Besides MBSR there are many other ways to cultivate mindfulness practices. There are many phone apps which can be used including: Calm, Headspace, Insight timer and Waking Up. The key to developing a mindfulness practice is just that: PRACTICE. In order to maximize the benefits of these techniques daily practice is the key. Just as with anything in life the benefit improves with practice. 

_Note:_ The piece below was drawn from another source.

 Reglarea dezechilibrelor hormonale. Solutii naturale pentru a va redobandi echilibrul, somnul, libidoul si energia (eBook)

We are fortunate here at the John Stoddard Cancer Center to be able to offer the intensive 8-week MBSR course. The next course will begin on Monday, September 14 with a 90-minute orientation. Classes will then be held on Mondays from 5-7:30 pm for the next consecutive 8 weeks. The course will be taught virtually and is basically free to cancer patients, caregivers and survivors. I would encourage anyone interested to join the course, as it can literally be a life changing experience. “All that you are is a result of what you have thought. Thought creates reality.” - Buddha. Change your thoughts and you change your reality. 

REFERENCES

1) Oberoi, S. et al. Association of Mindfulness-Based Interventions With Anxiety Severity in Adults with Cancer: A Systematic Review and Meta-Analysis. JAMA Network Open. 2020;3(8):1-15. 

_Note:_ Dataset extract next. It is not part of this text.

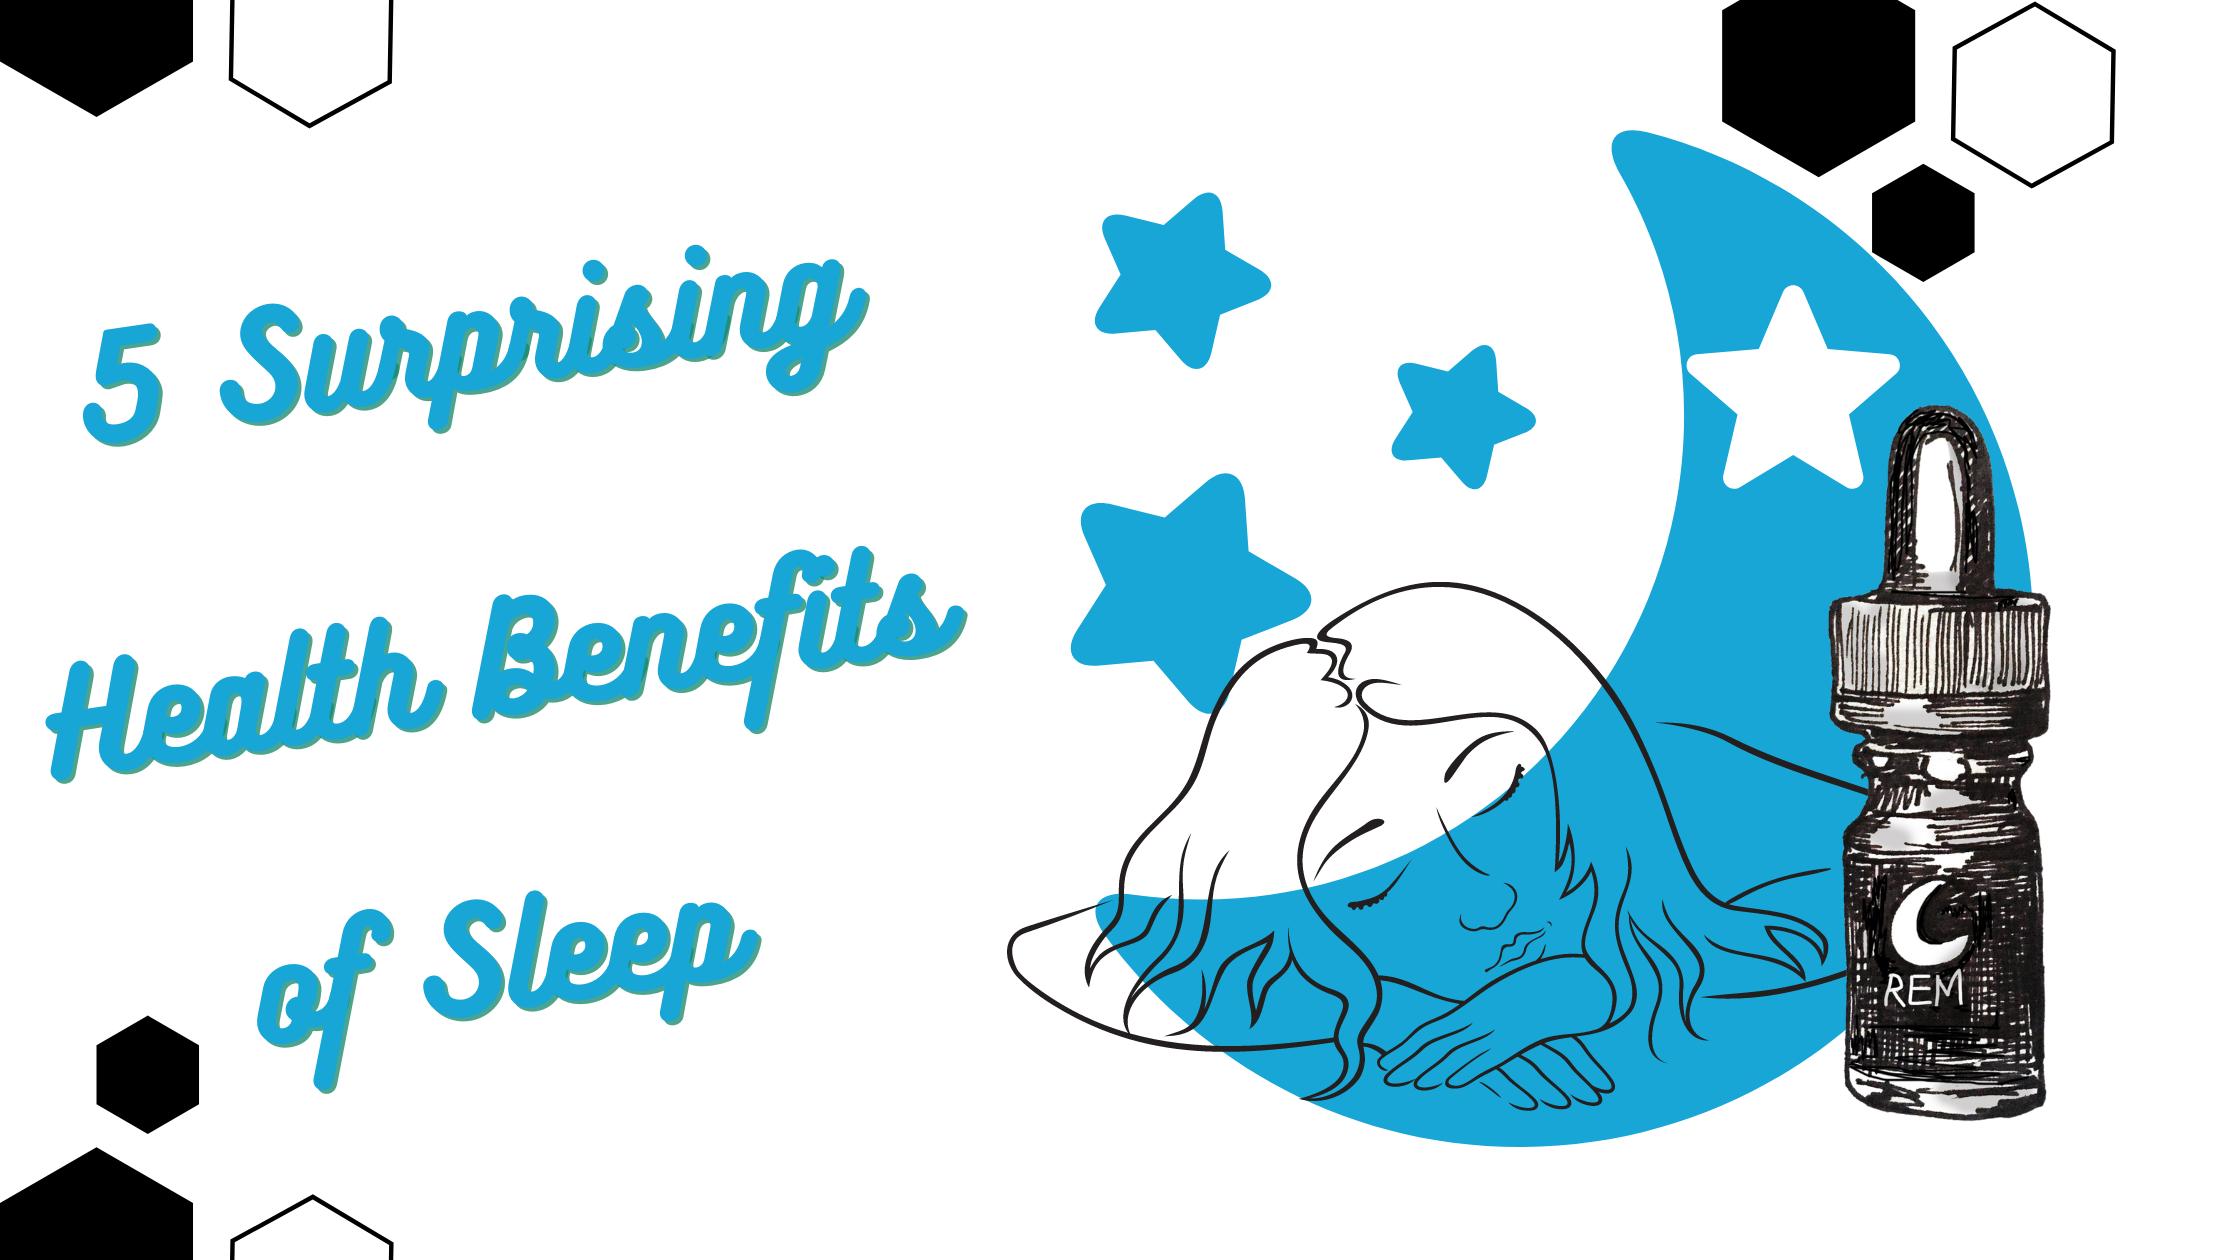 5 Surprising Health Benefits of Sleep Blog Banner

2) Wurtzen H, et al. Mindfulness Significantly Reduces Self Reported Levels of Anxiety and Depression: Results of a Randomized Controlled Trial Among 336 Danish Women Treated for Stage 1-3 Breast Cancer. Eur J Cancer. 2013;49:1365-1373. 

3) Jon Kabat-Zinn. Wherever You Go There You Are. 1995; Hachette Book Group. 

4) Jon Kabat-Zinn. Full Catastrophe Living. 2013 Bantam Books. 

5) James Nestor. Breath. 2020 Riverhead Books.